(Your goal)
All entries that follow are to be printed exactly as written.

■ ■ ■

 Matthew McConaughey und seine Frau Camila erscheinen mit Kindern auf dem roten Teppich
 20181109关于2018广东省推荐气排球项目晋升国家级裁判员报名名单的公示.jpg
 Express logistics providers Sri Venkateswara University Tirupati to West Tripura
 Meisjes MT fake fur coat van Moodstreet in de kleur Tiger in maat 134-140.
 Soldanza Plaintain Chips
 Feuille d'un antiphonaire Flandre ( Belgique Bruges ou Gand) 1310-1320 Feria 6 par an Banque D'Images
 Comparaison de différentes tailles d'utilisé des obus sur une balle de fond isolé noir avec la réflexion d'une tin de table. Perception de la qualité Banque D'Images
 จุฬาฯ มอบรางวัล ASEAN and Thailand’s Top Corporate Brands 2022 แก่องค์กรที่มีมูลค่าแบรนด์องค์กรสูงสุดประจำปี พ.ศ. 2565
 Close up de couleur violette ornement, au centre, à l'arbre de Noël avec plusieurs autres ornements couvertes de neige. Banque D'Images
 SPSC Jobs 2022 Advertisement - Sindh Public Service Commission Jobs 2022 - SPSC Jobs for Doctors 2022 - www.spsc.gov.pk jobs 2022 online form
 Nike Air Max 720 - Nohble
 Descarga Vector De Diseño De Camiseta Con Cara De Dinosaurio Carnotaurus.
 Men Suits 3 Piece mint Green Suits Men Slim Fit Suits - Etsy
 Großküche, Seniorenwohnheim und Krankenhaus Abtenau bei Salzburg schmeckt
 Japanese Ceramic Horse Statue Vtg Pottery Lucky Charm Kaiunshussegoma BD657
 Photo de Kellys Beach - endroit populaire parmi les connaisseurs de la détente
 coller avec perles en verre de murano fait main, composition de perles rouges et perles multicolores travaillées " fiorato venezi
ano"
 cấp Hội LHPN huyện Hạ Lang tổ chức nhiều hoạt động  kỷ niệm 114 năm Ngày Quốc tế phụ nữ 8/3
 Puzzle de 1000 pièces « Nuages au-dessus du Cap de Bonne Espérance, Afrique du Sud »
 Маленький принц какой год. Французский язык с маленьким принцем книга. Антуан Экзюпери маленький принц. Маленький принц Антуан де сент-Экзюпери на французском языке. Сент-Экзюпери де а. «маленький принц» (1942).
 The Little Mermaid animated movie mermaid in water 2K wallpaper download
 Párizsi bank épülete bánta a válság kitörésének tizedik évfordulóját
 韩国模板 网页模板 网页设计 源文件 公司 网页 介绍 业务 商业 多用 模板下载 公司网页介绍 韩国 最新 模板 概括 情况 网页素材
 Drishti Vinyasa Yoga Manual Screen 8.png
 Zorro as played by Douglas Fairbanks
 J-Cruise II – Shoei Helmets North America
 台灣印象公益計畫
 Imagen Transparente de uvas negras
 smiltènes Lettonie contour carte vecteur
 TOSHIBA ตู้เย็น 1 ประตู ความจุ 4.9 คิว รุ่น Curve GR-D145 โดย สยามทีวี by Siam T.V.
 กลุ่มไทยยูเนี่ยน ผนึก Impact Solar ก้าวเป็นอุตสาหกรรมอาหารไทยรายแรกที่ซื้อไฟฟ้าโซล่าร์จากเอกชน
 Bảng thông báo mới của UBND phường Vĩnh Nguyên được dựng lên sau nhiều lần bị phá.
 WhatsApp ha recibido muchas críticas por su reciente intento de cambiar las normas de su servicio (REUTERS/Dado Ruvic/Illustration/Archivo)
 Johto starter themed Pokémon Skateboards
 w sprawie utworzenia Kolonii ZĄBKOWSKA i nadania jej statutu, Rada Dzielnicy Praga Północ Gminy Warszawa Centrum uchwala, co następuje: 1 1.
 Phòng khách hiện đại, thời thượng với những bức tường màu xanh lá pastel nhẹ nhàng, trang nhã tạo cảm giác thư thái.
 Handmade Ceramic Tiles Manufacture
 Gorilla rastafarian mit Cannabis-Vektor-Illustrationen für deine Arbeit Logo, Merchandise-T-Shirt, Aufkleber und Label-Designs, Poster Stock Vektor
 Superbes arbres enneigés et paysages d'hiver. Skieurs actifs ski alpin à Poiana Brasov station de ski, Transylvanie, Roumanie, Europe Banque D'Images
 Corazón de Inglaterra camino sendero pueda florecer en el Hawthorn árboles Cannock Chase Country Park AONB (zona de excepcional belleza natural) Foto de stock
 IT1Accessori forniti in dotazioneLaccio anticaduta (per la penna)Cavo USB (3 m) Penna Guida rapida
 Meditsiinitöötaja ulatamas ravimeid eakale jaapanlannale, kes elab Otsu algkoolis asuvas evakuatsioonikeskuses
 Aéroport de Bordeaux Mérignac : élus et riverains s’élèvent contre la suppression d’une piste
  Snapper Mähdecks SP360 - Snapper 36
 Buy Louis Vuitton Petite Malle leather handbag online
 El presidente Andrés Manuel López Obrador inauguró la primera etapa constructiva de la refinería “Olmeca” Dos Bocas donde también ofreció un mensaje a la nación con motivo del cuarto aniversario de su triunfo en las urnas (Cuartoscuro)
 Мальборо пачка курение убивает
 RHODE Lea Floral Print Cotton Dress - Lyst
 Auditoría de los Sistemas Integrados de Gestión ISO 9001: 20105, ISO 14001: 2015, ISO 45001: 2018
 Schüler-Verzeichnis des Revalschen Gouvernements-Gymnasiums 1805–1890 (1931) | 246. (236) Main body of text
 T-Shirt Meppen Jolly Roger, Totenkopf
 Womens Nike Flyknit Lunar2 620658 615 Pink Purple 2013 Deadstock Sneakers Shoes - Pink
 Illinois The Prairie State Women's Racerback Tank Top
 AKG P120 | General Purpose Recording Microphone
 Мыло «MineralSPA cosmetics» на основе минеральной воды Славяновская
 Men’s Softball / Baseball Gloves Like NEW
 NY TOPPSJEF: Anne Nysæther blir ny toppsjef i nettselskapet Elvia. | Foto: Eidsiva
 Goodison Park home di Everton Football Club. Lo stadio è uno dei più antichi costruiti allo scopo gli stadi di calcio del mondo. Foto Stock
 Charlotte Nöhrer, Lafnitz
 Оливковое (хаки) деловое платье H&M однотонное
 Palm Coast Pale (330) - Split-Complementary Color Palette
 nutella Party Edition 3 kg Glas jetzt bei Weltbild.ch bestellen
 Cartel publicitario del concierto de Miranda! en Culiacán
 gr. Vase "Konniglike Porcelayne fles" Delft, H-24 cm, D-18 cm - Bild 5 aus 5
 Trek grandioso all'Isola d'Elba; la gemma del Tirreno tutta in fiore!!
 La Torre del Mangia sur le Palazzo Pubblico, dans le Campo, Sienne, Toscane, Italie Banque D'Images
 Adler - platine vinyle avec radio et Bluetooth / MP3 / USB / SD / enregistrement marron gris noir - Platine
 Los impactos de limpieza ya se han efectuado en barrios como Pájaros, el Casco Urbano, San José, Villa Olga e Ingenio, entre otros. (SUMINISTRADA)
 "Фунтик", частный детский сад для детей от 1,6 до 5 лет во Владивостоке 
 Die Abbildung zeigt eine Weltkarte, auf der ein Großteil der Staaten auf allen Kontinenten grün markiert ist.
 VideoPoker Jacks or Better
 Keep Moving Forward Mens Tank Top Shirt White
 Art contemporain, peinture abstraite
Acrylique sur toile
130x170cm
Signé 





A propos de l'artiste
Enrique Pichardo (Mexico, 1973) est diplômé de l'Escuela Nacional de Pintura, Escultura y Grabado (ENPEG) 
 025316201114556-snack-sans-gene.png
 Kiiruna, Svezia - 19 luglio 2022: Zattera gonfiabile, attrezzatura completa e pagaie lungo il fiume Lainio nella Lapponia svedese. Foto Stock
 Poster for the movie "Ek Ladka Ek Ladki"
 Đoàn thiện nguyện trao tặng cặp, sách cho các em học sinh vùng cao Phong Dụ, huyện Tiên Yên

■ ■ ■

(Response box)
 Matthew McConaughey und seine Frau Camila erscheinen mit Kindern auf dem roten Teppich
 20181109关于2018广东省推荐气排球项目晋升国家级裁判员报名名单的公示.jpg
 Express logistics providers Sri Venkateswara University Tirupati to West Tripura
 Meisjes MT fake fur coat van Moodstreet in de kleur Tiger in maat 134-140.
 Soldanza Plaintain Chips
 Feuille d'un antiphonaire Flandre ( Belgique Bruges ou Gand) 1310-1320 Feria 6 par an Banque D'Images
 Comparaison de différentes tailles d'utilisé des obus sur une balle de fond isolé noir avec la réflexion d'une tin de table. Perception de la qualité Banque D'Images
 จุฬาฯ มอบรางวัล ASEAN and Thailand’s Top Corporate Brands 2022 แก่องค์กรที่มีมูลค่าแบรนด์องค์กรสูงสุดประจำปี พ.ศ. 2565
 Close up de couleur violette ornement, au centre, à l'arbre de Noël avec plusieurs autres ornements couvertes de neige. Banque D'Images
 SPSC Jobs 2022 Advertisement - Sindh Public Service Commission Jobs 2022 - SPSC Jobs for Doctors 2022 - www.spsc.gov.pk jobs 2022 online form
 Nike Air Max 720 - Nohble
 Descarga Vector De Diseño De Camiseta Con Cara De Dinosaurio Carnotaurus.
 Men Suits 3 Piece mint Green Suits Men Slim Fit Suits - Etsy
 Großküche, Seniorenwohnheim und Krankenhaus Abtenau bei Salzburg schmeckt
 Japanese Ceramic Horse Statue Vtg Pottery Lucky Charm Kaiunshussegoma BD657
 Photo de Kellys Beach - endroit populaire parmi les connaisseurs de la détente
 coller avec perles en verre de murano fait main, composition de perles rouges et perles multicolores travaillées " fiorato venezi
ano"
 cấp Hội LHPN huyện Hạ Lang tổ chức nhiều hoạt động  kỷ niệm 114 năm Ngày Quốc tế phụ nữ 8/3
 Puzzle de 1000 pièces « Nuages au-dessus du Cap de Bonne Espérance, Afrique du Sud »
 Маленький принц какой год. Французский язык с маленьким принцем книга. Антуан Экзюпери маленький принц. Маленький принц Антуан де сент-Экзюпери на французском языке. Сент-Экзюпери де а. «маленький принц» (1942).
 The Little Mermaid animated movie mermaid in water 2K wallpaper download
 Párizsi bank épülete bánta a válság kitörésének tizedik évfordulóját
 韩国模板 网页模板 网页设计 源文件 公司 网页 介绍 业务 商业 多用 模板下载 公司网页介绍 韩国 最新 模板 概括 情况 网页素材
 Drishti Vinyasa Yoga Manual Screen 8.png
 Zorro as played by Douglas Fairbanks
 J-Cruise II – Shoei Helmets North America
 台灣印象公益計畫
 Imagen Transparente de uvas negras
 smiltènes Lettonie contour carte vecteur
 TOSHIBA ตู้เย็น 1 ประตู ความจุ 4.9 คิว รุ่น Curve GR-D145 โดย สยามทีวี by Siam T.V.
 กลุ่มไทยยูเนี่ยน ผนึก Impact Solar ก้าวเป็นอุตสาหกรรมอาหารไทยรายแรกที่ซื้อไฟฟ้าโซล่าร์จากเอกชน
 Bảng thông báo mới của UBND phường Vĩnh Nguyên được dựng lên sau nhiều lần bị phá.
 WhatsApp ha recibido muchas críticas por su reciente intento de cambiar las normas de su servicio (REUTERS/Dado Ruvic/Illustration/Archivo)
 Johto starter themed Pokémon Skateboards
 w sprawie utworzenia Kolonii ZĄBKOWSKA i nadania jej statutu, Rada Dzielnicy Praga Północ Gminy Warszawa Centrum uchwala, co następuje: 1 1.
 Phòng khách hiện đại, thời thượng với những bức tường màu xanh lá pastel nhẹ nhàng, trang nhã tạo cảm giác thư thái.
 Handmade Ceramic Tiles Manufacture
 Gorilla rastafarian mit Cannabis-Vektor-Illustrationen für deine Arbeit Logo, Merchandise-T-Shirt, Aufkleber und Label-Designs, Poster Stock Vektor
 Superbes arbres enneigés et paysages d'hiver. Skieurs actifs ski alpin à Poiana Brasov station de ski, Transylvanie, Roumanie, Europe Banque D'Images
 Corazón de Inglaterra camino sendero pueda florecer en el Hawthorn árboles Cannock Chase Country Park AONB (zona de excepcional belleza natural) Foto de stock
 IT1Accessori forniti in dotazioneLaccio anticaduta (per la penna)Cavo USB (3 m) Penna Guida rapida
 Meditsiinitöötaja ulatamas ravimeid eakale jaapanlannale, kes elab Otsu algkoolis asuvas evakuatsioonikeskuses
 Aéroport de Bordeaux Mérignac : élus et riverains s’élèvent contre la suppression d’une piste
  Snapper Mähdecks SP360 - Snapper 36
 Buy Louis Vuitton Petite Malle leather handbag online
 El presidente Andrés Manuel López Obrador inauguró la primera etapa constructiva de la refinería “Olmeca” Dos Bocas donde también ofreció un mensaje a la nación con motivo del cuarto aniversario de su triunfo en las urnas (Cuartoscuro)
 Мальборо пачка курение убивает
 RHODE Lea Floral Print Cotton Dress - Lyst
 Auditoría de los Sistemas Integrados de Gestión ISO 9001: 20105, ISO 14001: 2015, ISO 45001: 2018
 Schüler-Verzeichnis des Revalschen Gouvernements-Gymnasiums 1805–1890 (1931) | 246. (236) Main body of text
 T-Shirt Meppen Jolly Roger, Totenkopf
 Womens Nike Flyknit Lunar2 620658 615 Pink Purple 2013 Deadstock Sneakers Shoes - Pink
 Illinois The Prairie State Women's Racerback Tank Top
 AKG P120 | General Purpose Recording Microphone
 Мыло «MineralSPA cosmetics» на основе минеральной воды Славяновская
 Men’s Softball / Baseball Gloves Like NEW
 NY TOPPSJEF: Anne Nysæther blir ny toppsjef i nettselskapet Elvia. | Foto: Eidsiva
 Goodison Park home di Everton Football Club. Lo stadio è uno dei più antichi costruiti allo scopo gli stadi di calcio del mondo. Foto Stock
 Charlotte Nöhrer, Lafnitz
 Оливковое (хаки) деловое платье H&M однотонное
 Palm Coast Pale (330) - Split-Complementary Color Palette
 nutella Party Edition 3 kg Glas jetzt bei Weltbild.ch bestellen
 Cartel publicitario del concierto de Miranda! en Culiacán
 gr. Vase "Konniglike Porcelayne fles" Delft, H-24 cm, D-18 cm - Bild 5 aus 5
 Trek grandioso all'Isola d'Elba; la gemma del Tirreno tutta in fiore!!
 La Torre del Mangia sur le Palazzo Pubblico, dans le Campo, Sienne, Toscane, Italie Banque D'Images
 Adler - platine vinyle avec radio et Bluetooth / MP3 / USB / SD / enregistrement marron gris noir - Platine
 Los impactos de limpieza ya se han efectuado en barrios como Pájaros, el Casco Urbano, San José, Villa Olga e Ingenio, entre otros. (SUMINISTRADA)
 "Фунтик", частный детский сад для детей от 1,6 до 5 лет во Владивостоке 
 Die Abbildung zeigt eine Weltkarte, auf der ein Großteil der Staaten auf allen Kontinenten grün markiert ist.
 VideoPoker Jacks or Better
 Keep Moving Forward Mens Tank Top Shirt White
 Art contemporain, peinture abstraite
Acrylique sur toile
130x170cm
Signé 





A propos de l'artiste
Enrique Pichardo (Mexico, 1973) est diplômé de l'Escuela Nacional de Pintura, Escultura y Grabado (ENPEG) 
 025316201114556-snack-sans-gene.png
 Kiiruna, Svezia - 19 luglio 2022: Zattera gonfiabile, attrezzatura completa e pagaie lungo il fiume Lainio nella Lapponia svedese. Foto Stock
 Poster for the movie "Ek Ladka Ek Ladki"
 Đoàn thiện nguyện trao tặng cặp, sách cho các em học sinh vùng cao Phong Dụ, huyện Tiên Yên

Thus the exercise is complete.